Groundhog Day has entered the cultural lexicon as much for the 1993 movie as for the groundhog’s actual antics. The movie’s plot proposes one of those great existential questions: how would you live if you had to live a particular day over and over again?

I probably wouldn’t choose February 2, 2021 as my day to live over and over again, but it was not bad. Indeed, it was pretty good. A key reason it was good was that I decided to “upgrade” some of my leisure time activities. This made the discretionary time I had for the day a lot more fun.

Some of this was because, hey — snow day! We tend not to have a snow cover all winter so it’s fun when it’s fresh. We went for a family sledding expedition in the afternoon. This was quick — in the car at 3:20, home for 4:00 calls — but it was really fun to go careening down a big and snowy hill (adults too!)

I tromped through the snow in the backyard when I had another 20 minute break. I don’t love shoveling, but marching through unbroken snow feels a little magical.

I seized 20 minutes when my husband had the baby and before I planned to start dinner to sit in the tub and read a magazine. I bought a new tub as part of our master bathroom renovation a few years ago and I had the thought the other day that my 6-year-old and 1-year-old are the ones who use it most. Enough of that! I kicked the tub toys out and enjoyed a quick soak.

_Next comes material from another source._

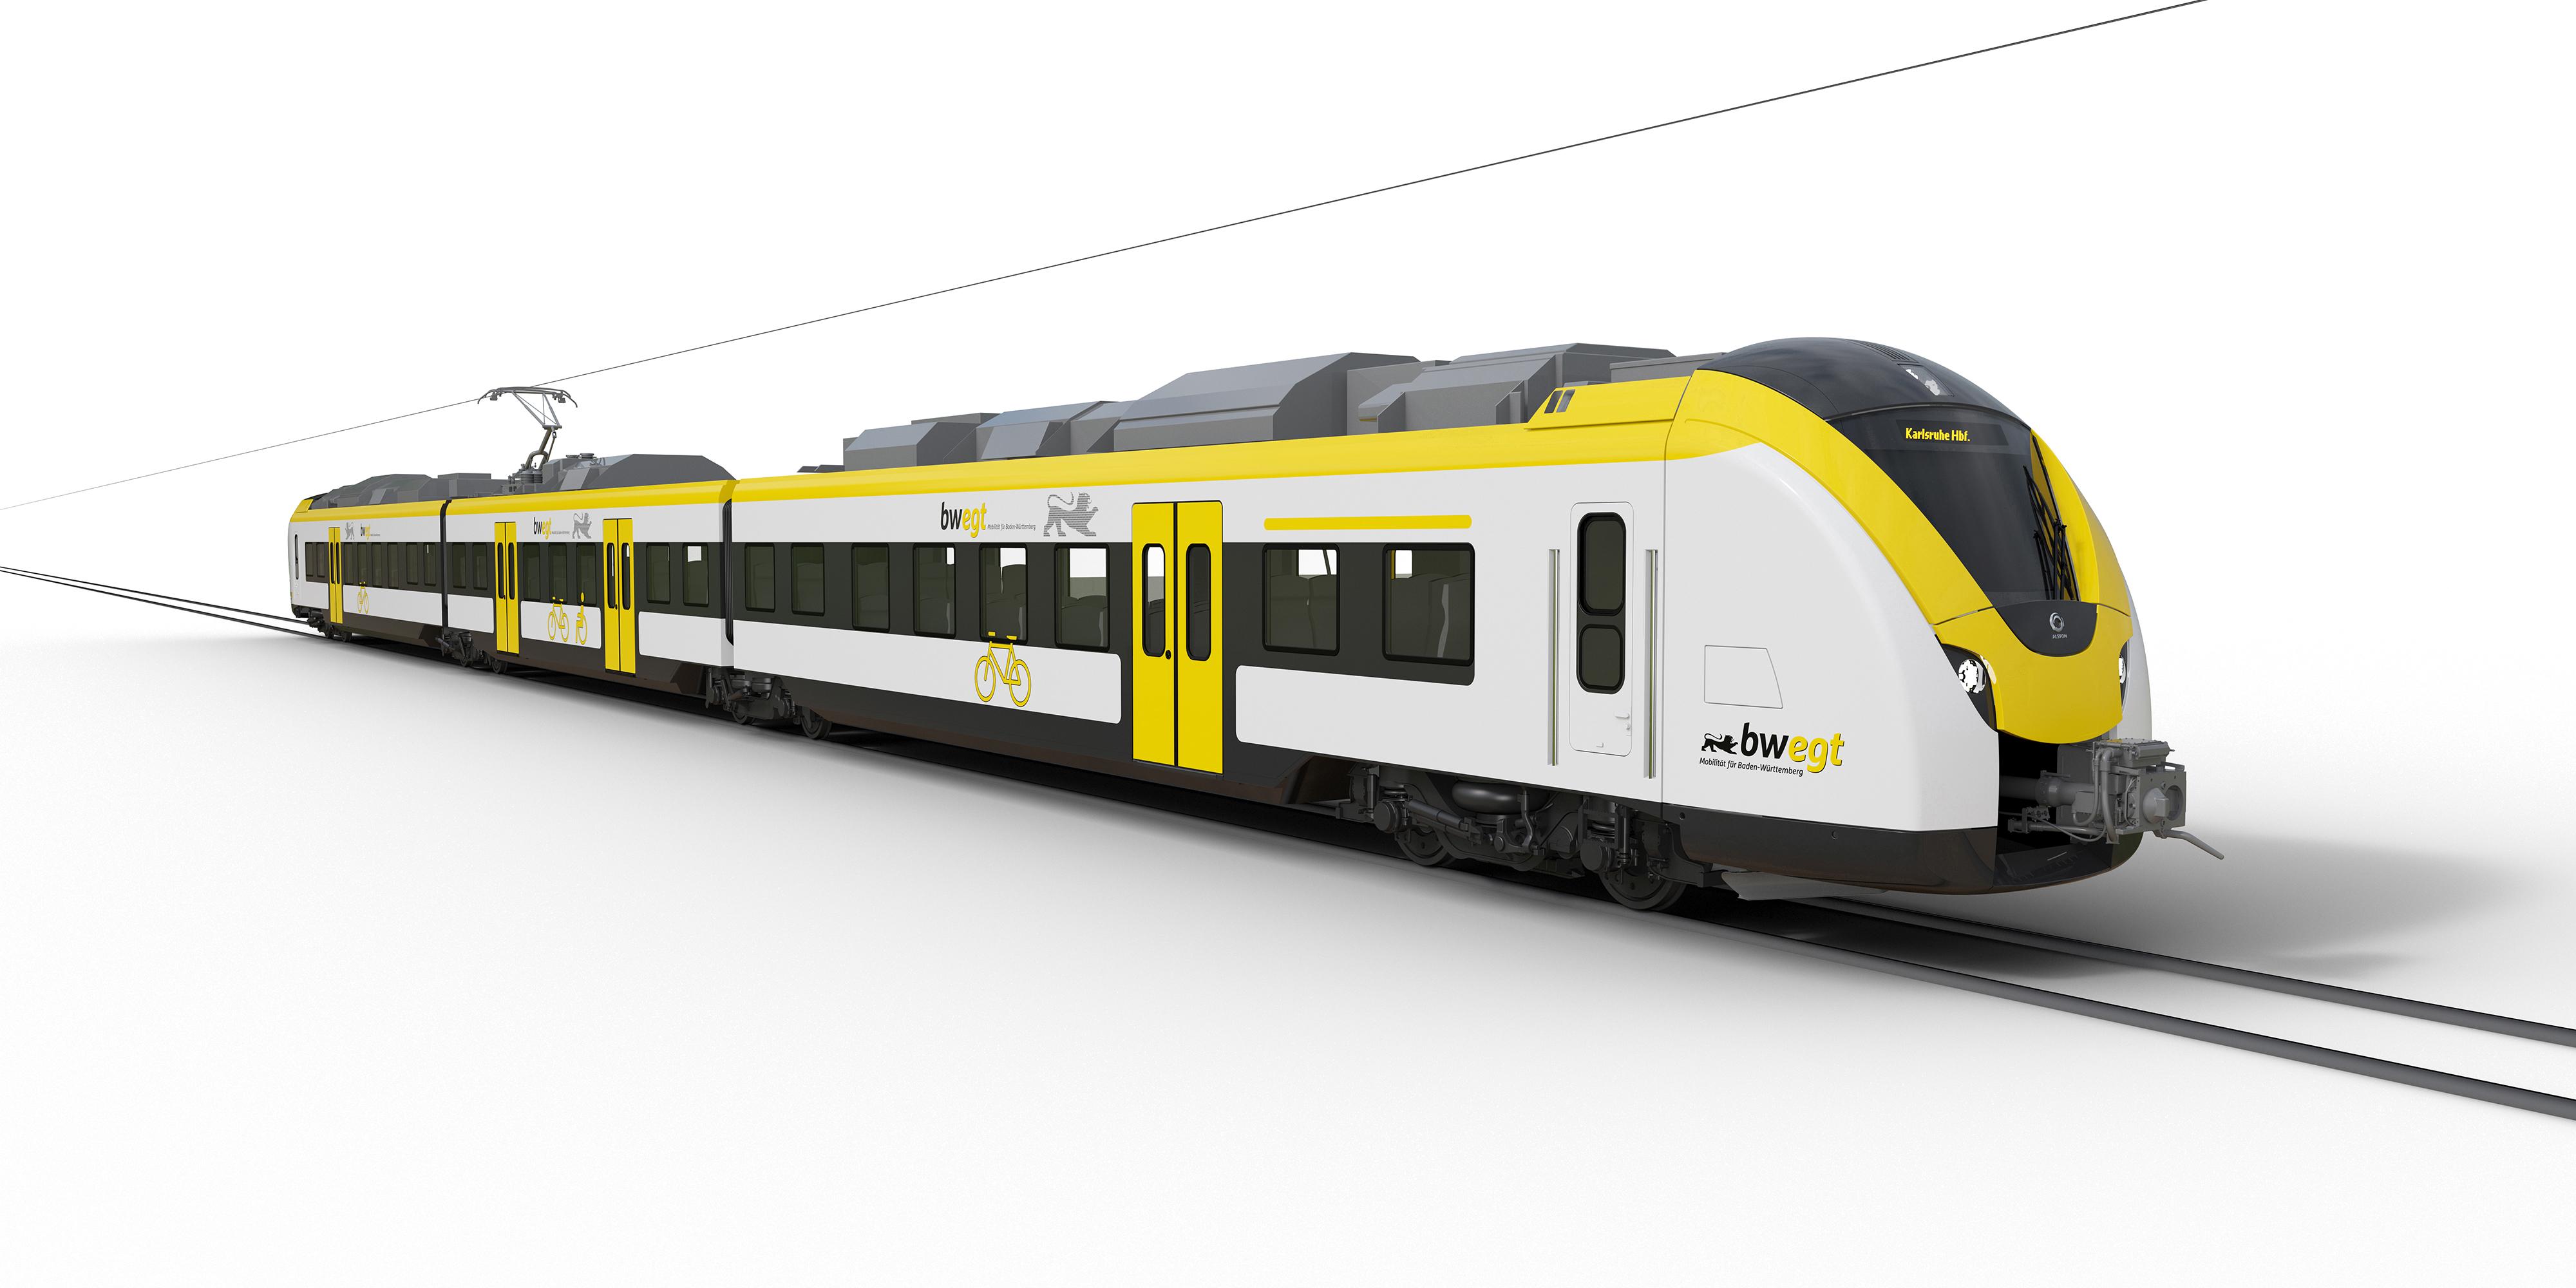 Alstom Coradia Continental for DB Regio Baden Wuerttemberg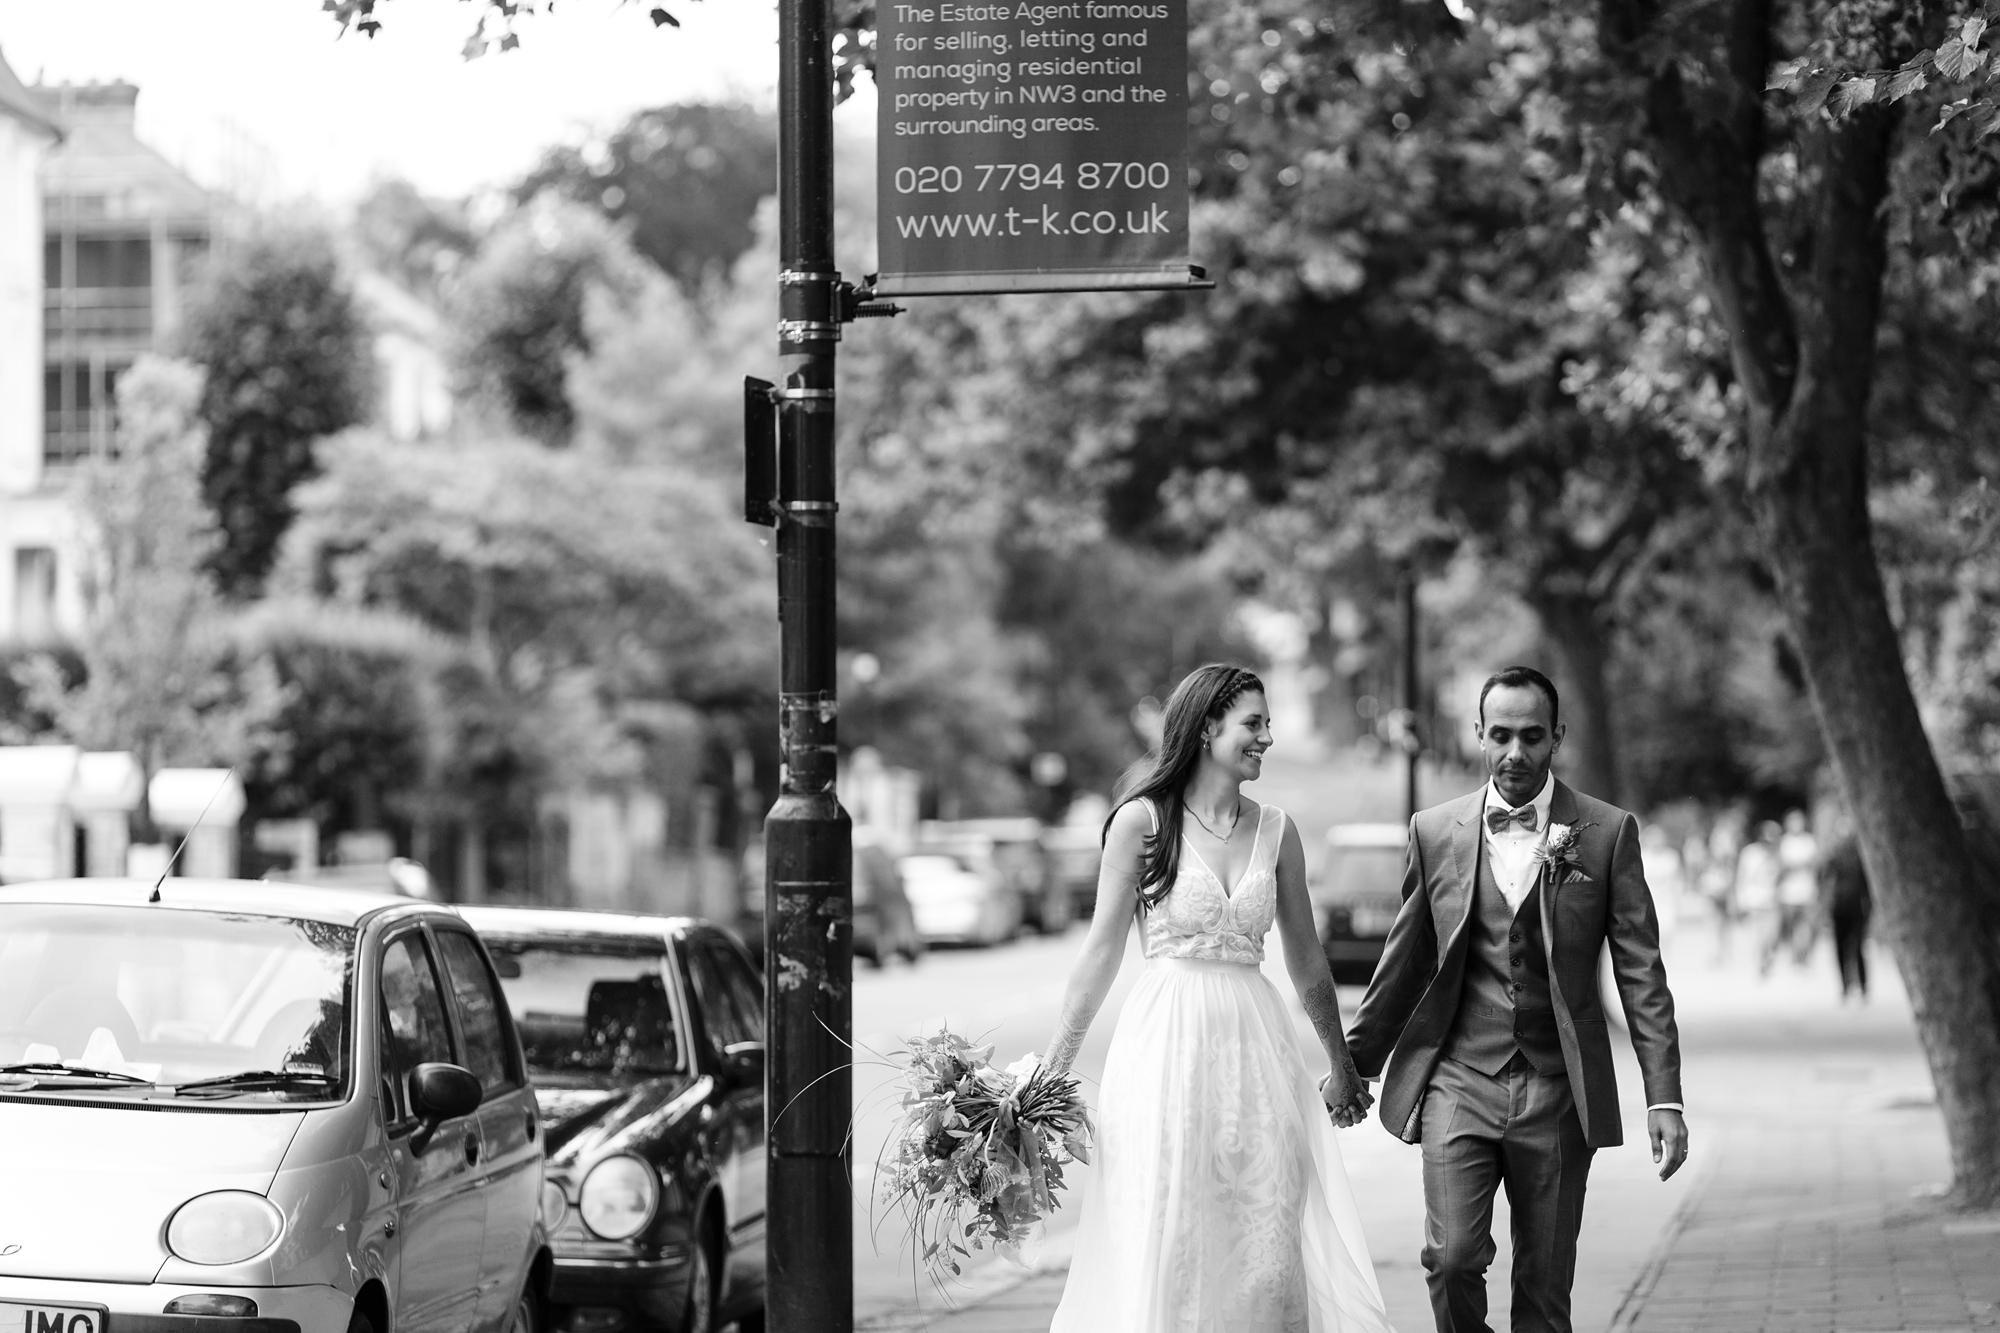 St. Stephens Hampstead Wedding bride and groom walk up the street in Hamstead

After putting the baby to bed, I made serious progress on the 1000-piece puzzle I’m doing. The particular section I did was flowers — a colorful escape from a snowy day.

And finally, after the other children were in their rooms, I read some poetry. I’d been thinking of Li-Young Lee’s poem “From Blossoms,” with its image of peaches, so I went to look that up and then read some of his other work while doing so. I read a lot, but I don’t read a lot of poetry, so that made my reading time feel more memorable.

The day had its frustrations, of course (so much shoveling…and the usual measure of kid woes). But there was a lot of fun, too. Some moments of tranquility…even on a Tuesday.

When you decide to “upgrade” your leisure time, what do you do?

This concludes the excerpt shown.